Table 4 Leaflet maximum angular velocity at two phases of the motion.

As it can be inferred, these velocities are lower than the reported values for the conventional valves and show similar behavior to that of the trileaflet valve.29 This would stem from two reasons. First, lower traveling angle of the leaflets in this BMHV which is about 40° in this study. Second, comparing with the previous works, this study uses fully coupled solvers in addition to the exact modelling of the gaps in the geometry. Therefore, the resistant forces would increase in this case and consequently decrease the maximum angular velocity of the leaflets.

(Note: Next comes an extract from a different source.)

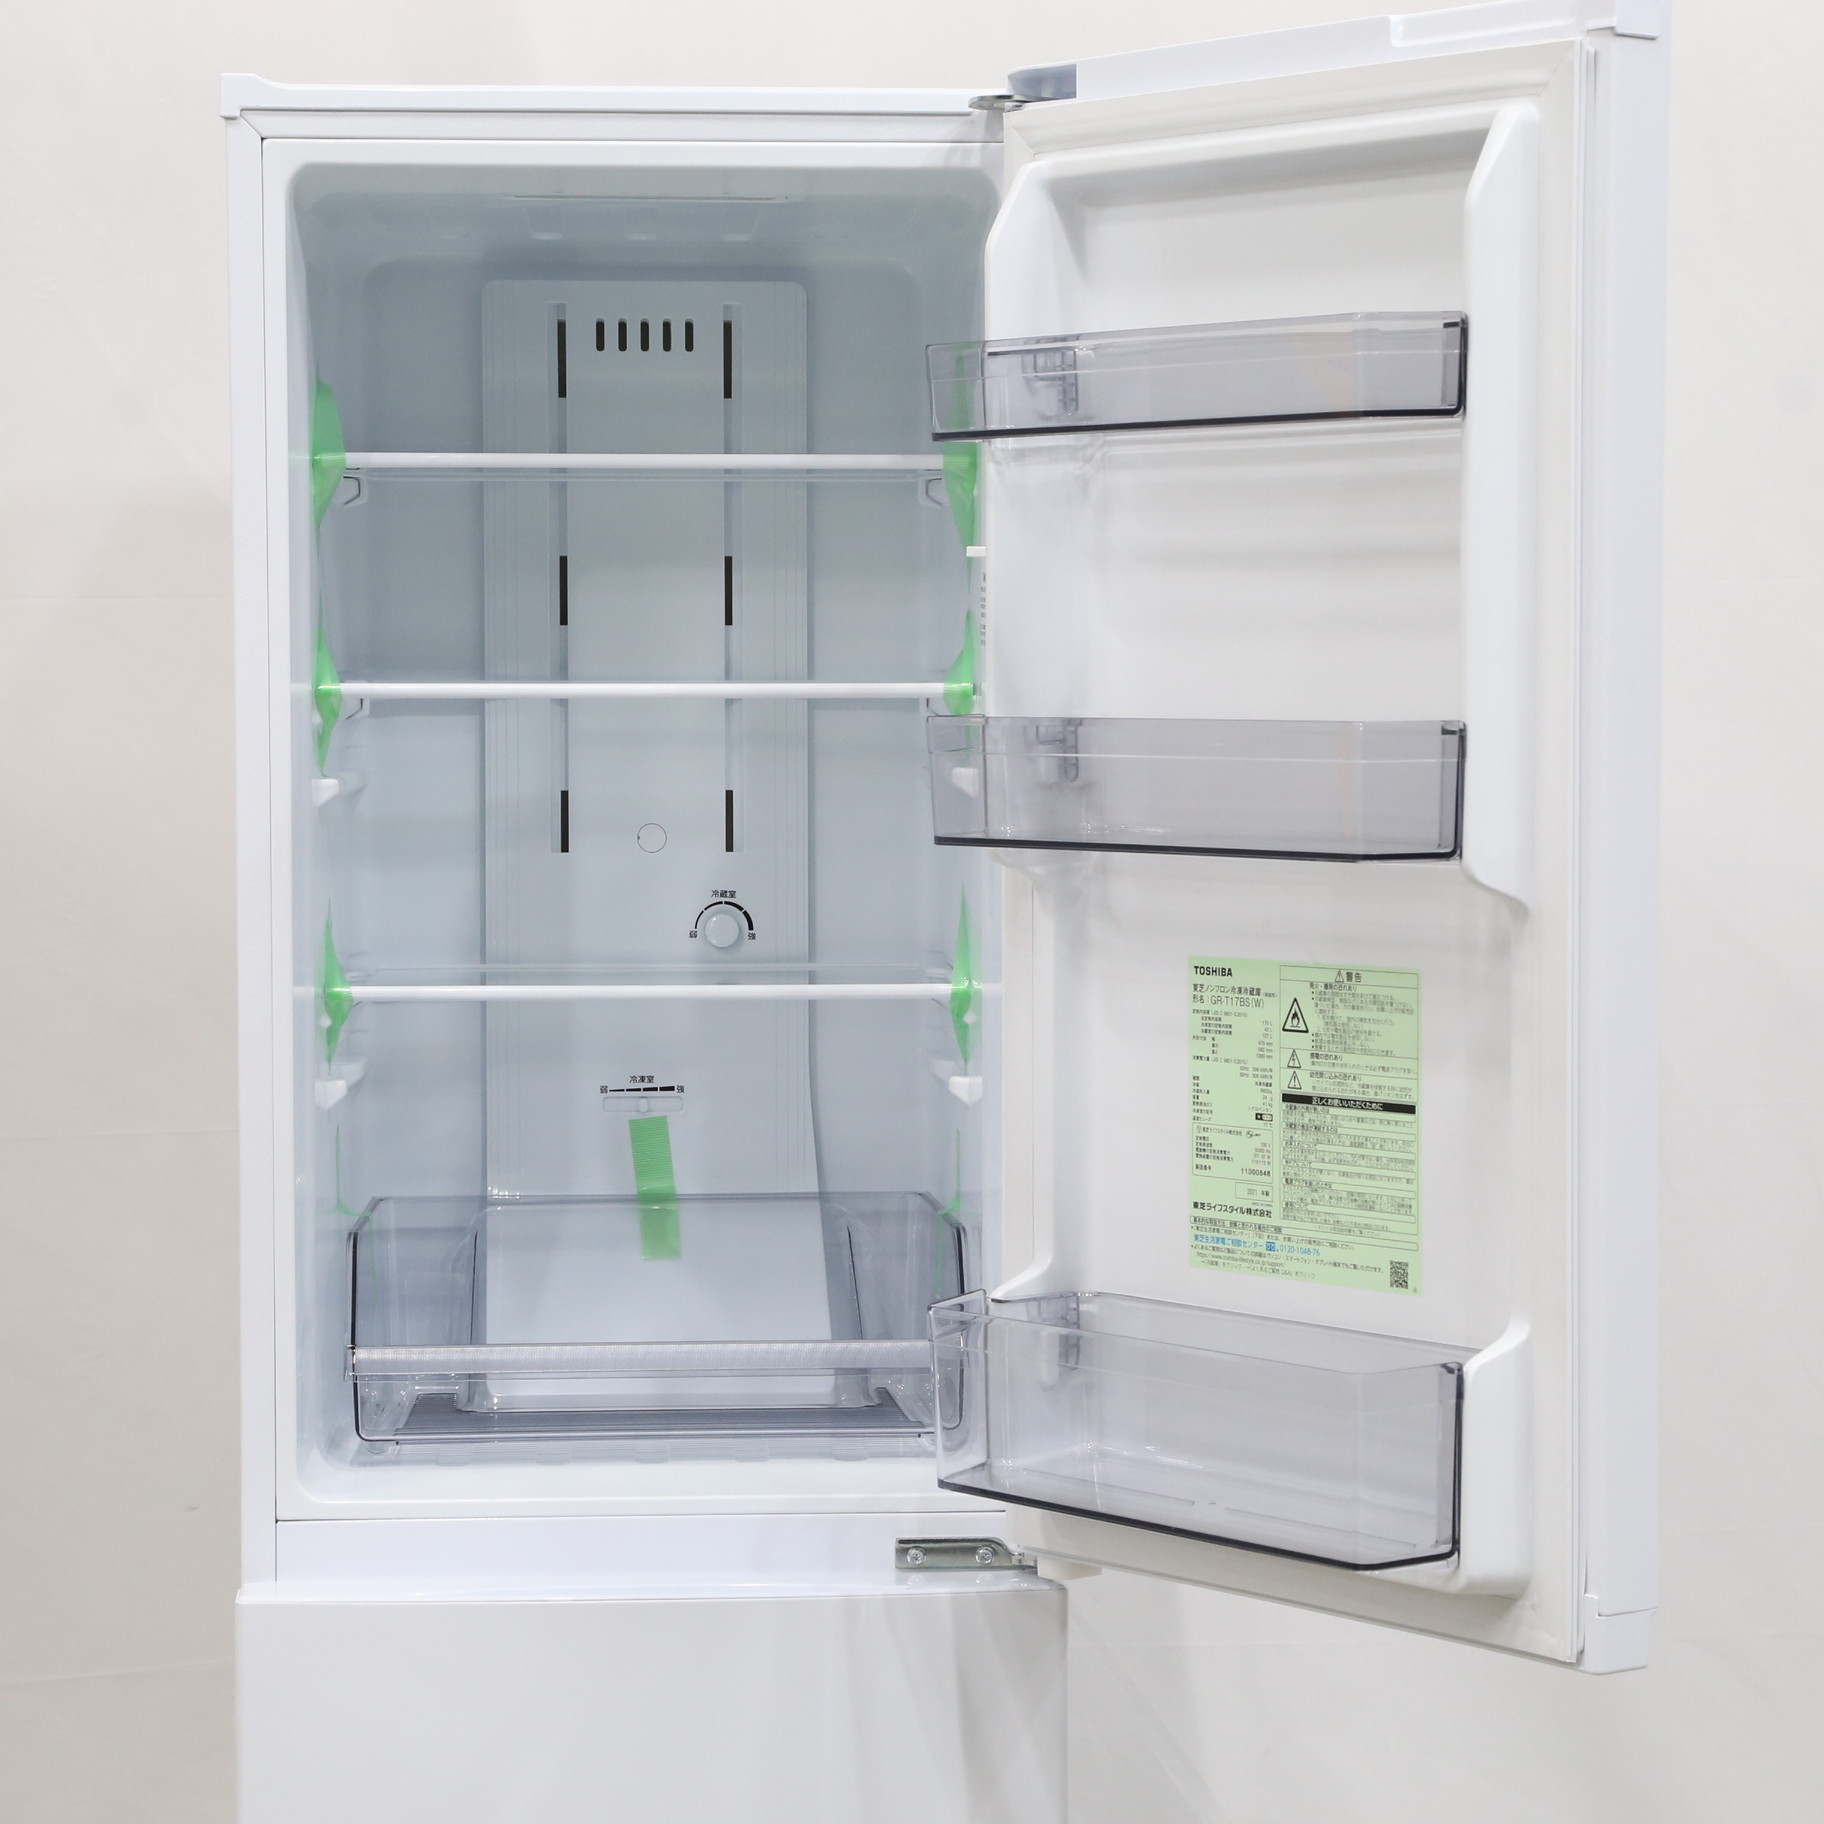 プレミア商品 GR-NF377G(XS)【配送無料】 東芝ノンフロン冷凍冷蔵庫

Furthermore, the leaflet normalized angle is observed through the opening process and is utilized as the validation factor. Figure 20 shows the normalized opening angle for this work along with the both numerical and experimental similar works which have been conducted recently.14,41,43

Figure 20
figure 20

Normalized leaflet angle comparison.

It can be inferred that all numerical simulations show a delay in opening prediction and this phenomenon could be attributed to the impulsive nature of the blood force. However, after the beginning, the employed method in this work is capable of predicting the experimental trend. In other words, by shifting the beginning moment, results are in agreement with the experimental ones. Moreover, the fluttering phenomenon is captured by this study which is reported in literature and its exact trend is hard to measure.35

Conclusion

In this work, a relatively new generation design of the mechanical heart valves and its hemodynamic performance were studied. Due to some innovations such as inlet flared orifice and new hinge design, this valve is believed to have resolved many of the problems associated with the traditional valves. Taking a careful look at the results, it is concluded that this type of BMHV is capable of producing a uniform and relatively laminar flow with decreased rate of vorticities. The low diffusive pattern of the blood flow passing the valve is in accord with the previous experimental works. The finding of this work which accounts for the effect of ascending aorta curve, is that large scale flow disturbances mostly fades before reaching the aortic arch. Also, results indicate that the formation of vortices and turbulent eddies is initiated at the vicinity of the valve leaflets. Furthermore, both turbulent and viscous shear stresses in the hinge recess and on the housing walls were evaluated. The value of these parameters proved that at the converging inlet and inside the hinges, blood cells especially platelets are in danger of elevated high shear stresses and subsequent thrombogenic complications. However, due to the existence of the recirculation zones just downstream of the valve and in the sinus regions, high residence time may initiate the thromboembolism. This phenomenon stems from the increase in particle collisions which mostly occurs in these areas. Finally, tip velocity of the leaflets during the opening phase implies that cavitation is not likely to happen.